= Johann Gruber =

Austrian Roman Catholic priest

Johann Gruber

Johann Gruber (October 20, 1889 – April 7, 1944), also known as "Papa Gruber" and "The Saint of Gusen", was an Austrian Roman Catholic priest who was imprisoned in Concentration Camp Gusen I from 1940 until he was murdered by the camp commandant on Holy Friday 1944. In the concentration camp, Gruber helped many others survive by raising funds from outside the camp and bribing the SS men and kapos in order to organise the delivery of food to starving inmates.

==Education==
Johann Gruber was born in Tegernbach near Grieskirchen, Austria.
When his parents died, he became a pupil at the Petrinum Linz, a catholic private school where he received his Matura. In 1910, he joined the seminary in Linz. Following his ordination he served for several years as a priest until he began to study philosophy in Vienna. He finished his studies with a PhD in 1923 and became a teacher and director of an institution for the Blind in Linz.

==Captivity==
In 1938, after the Annexation of Austria into the German Reich, Gruber was arrested for expressing his opposition against the new national socialist regime. While he was imprisoned, the Nazi press started a smear campaign against him, claiming that he sexually abused his pupils. Witnesses were put under pressure to confirm the allegations and Gruber was convicted to spend two years in prison.

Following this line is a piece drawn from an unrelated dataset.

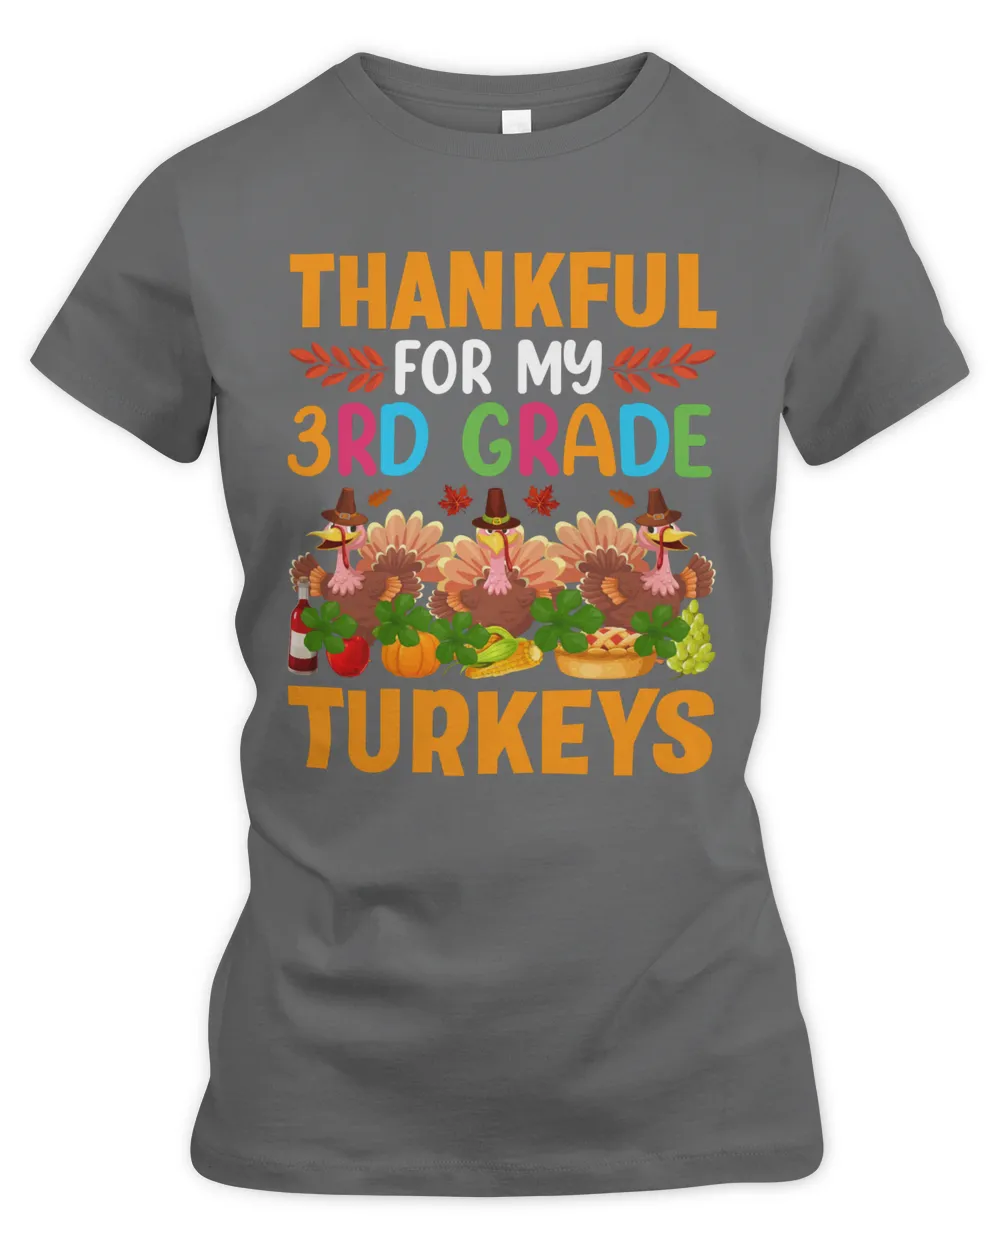 Thankful for my 3rd grade turkeys

When Gruber was released from prison, he was sent to Dachau concentration camp and then to Gusen concentration camp. In Gusen he participated in an archaeological project outside the camp and succeeded in contacting his friends who sent him money. This enabled Gruber to forward messages and to support his fellow prisoners with food and medication. His activities were discovered by the camp commander on April 4, 1944. Gruber was interrogated and tortured for three days. The guards hanged his corpse on a tree nearby and the cause of his death was officially declared suicide.

In 2016 the criminal court in Vienna reversed Grubers conviction concerning sexual abuse.